Having parents on the property who can assist with childcare is one of many benefits of multigenerational living. However, as with any co-ownership arrangement, there are pros and cons. It’s important to ensure that there are separate entrances to allow for privacy. There should also be a written agreement outlining all parties’ financial responsibilities and obligations.
50s – less may be more
Homeowners in their 50s tend to start thinking about downsizing, especially if they have children nearing the end of their schooling and considering university or overseas travel. A large free-standing home that requires maintenance of a pool and garden may no longer be suitable. “At this stage, a lock-up-and-go apartment or smaller home becomes an attractive alternative,” says Bendall.

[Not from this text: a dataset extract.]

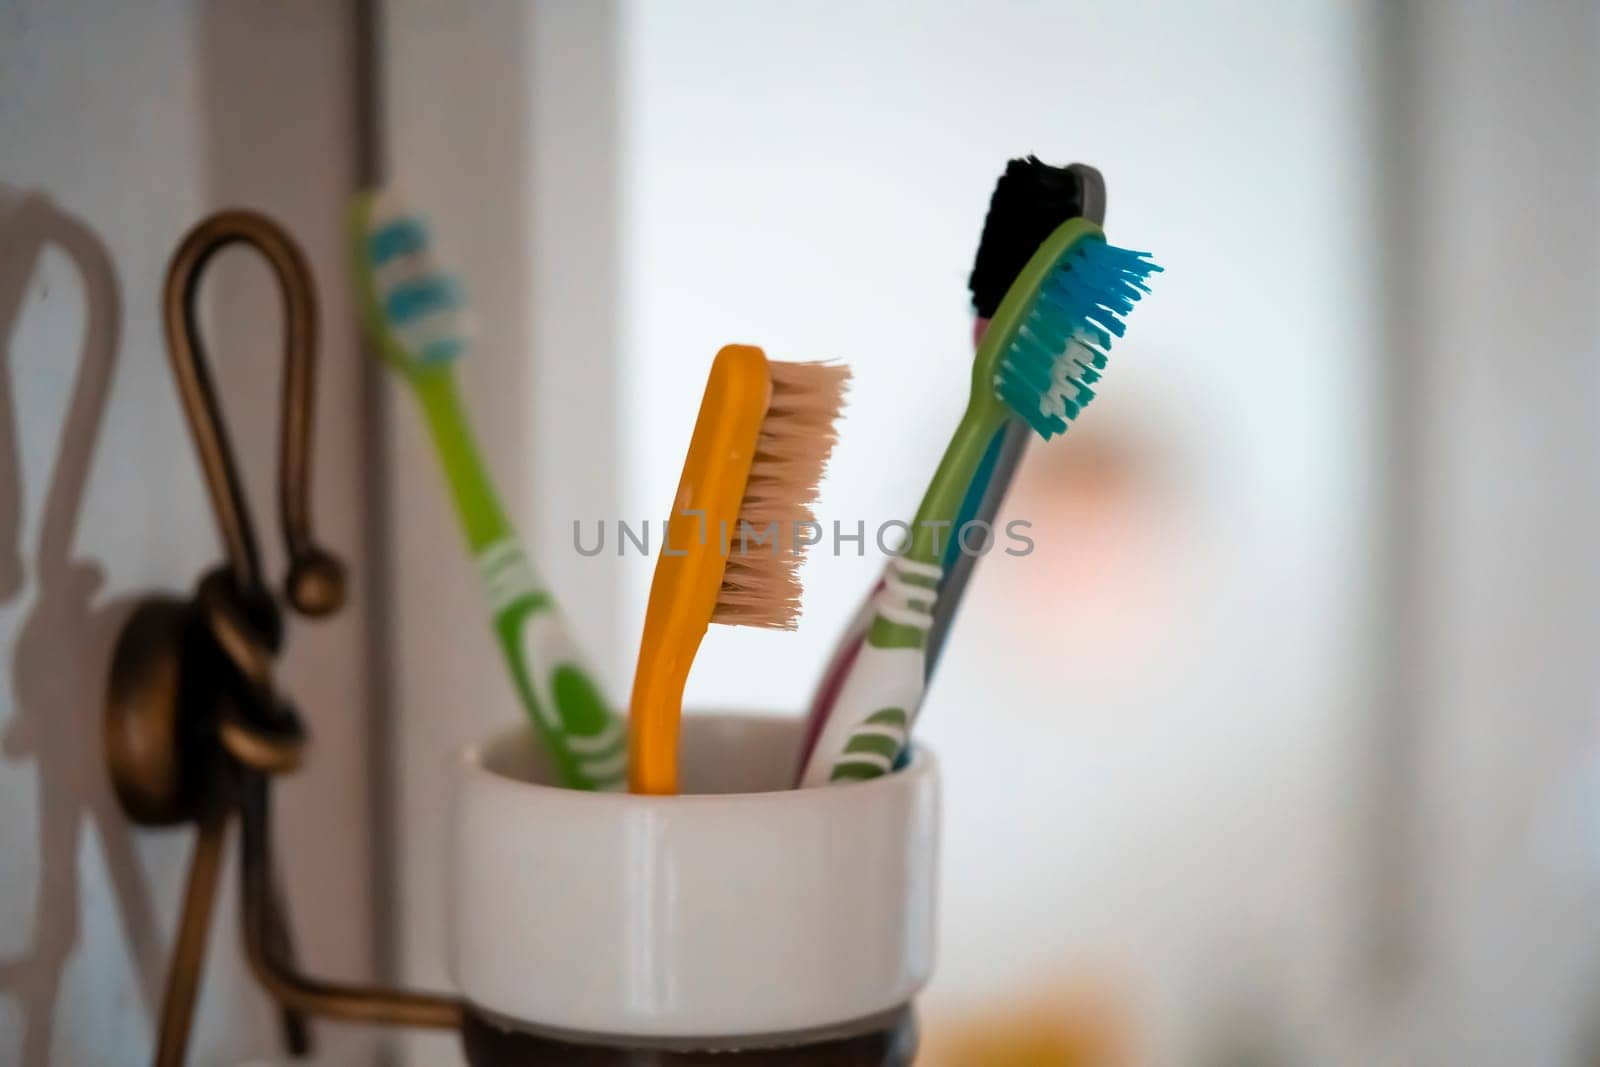 Toothbrushes for personal hygiene, teeth and gums health care. by africapink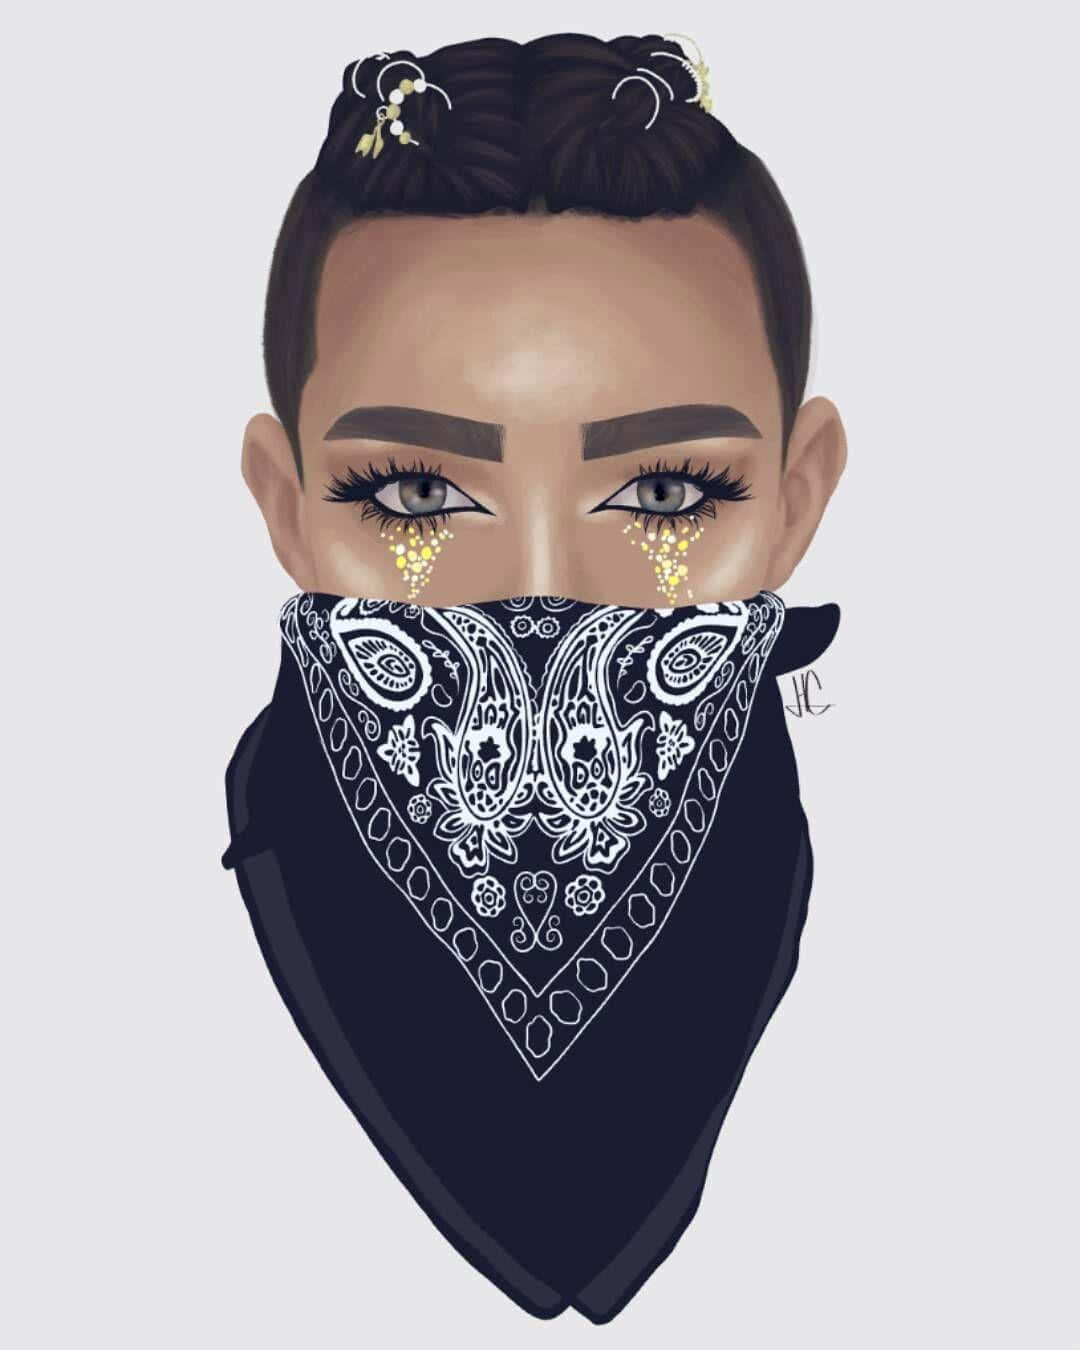 A Black Woman With A Bandana On Her Face Wallpaper

Homeowners in this life stage often want the freedom to travel or pursue their interests without being tethered by the demands of homeownership. “However, a smaller property does not necessarily mean that its value is lower. We are seeing buyers in this age group spending on average R1.8 million on a property. Often, they will buy a home in a lifestyle estate that offers security, activities such as golf and hiking trails, and an opportunity to be part of a community.” Bespoke boutique estates in suburbs such as Constantia in Cape Town have become increasingly sought-after by buyers in this age group.
60s – the golden years
In your 60s, location once again becomes important. Reports suggest that retirees account for 18% of all buyers in coastal areas. Many buyers opt to sell their suburban homes to spend their golden years in lifestyle estates or coastal destinations that offer a quality lifestyle within proximity of medical facilities and other amenities. They will likely opt for single-level properties that have easy access or limited stairs. Smaller gardens requiring less maintenance will also be preferable. BetterBond’s data shows that the average purchase price for buyers in this age group is R2.1 million.
Areas such as Hermanus and Somerset West in the Western Cape, Mossel Bay along the Garden Route, St Francis Bay in the Eastern Cape and Sheffield Beach in KwaZulu-Natal offer premium living opportunities for retirees. Inland luxury estates are also popular with retirees. The award-winning Waterfall Hills Mature Lifestyle Estate on Gauteng’s Midrand has onsite medical facilities as well as a host of recreational activities.
No matter what your life stage, when it comes to buying a home or investing in property it's important to consider the following, says Bendall. Is the home well-located? Does the property suit the area? A bachelor pad in a suburban street adjacent to a school will not sell as quickly as one in a trendy, inner-city district. Is the property affordable for my current financial position? Does it meet my current lifestyle needs and will it yield a return on my investment? “Fortunately, property is a reliable investment, at any age. Work with the experts – a bond originator and a skilled real estate agent – to make informed decisions throughout your property buying journey.”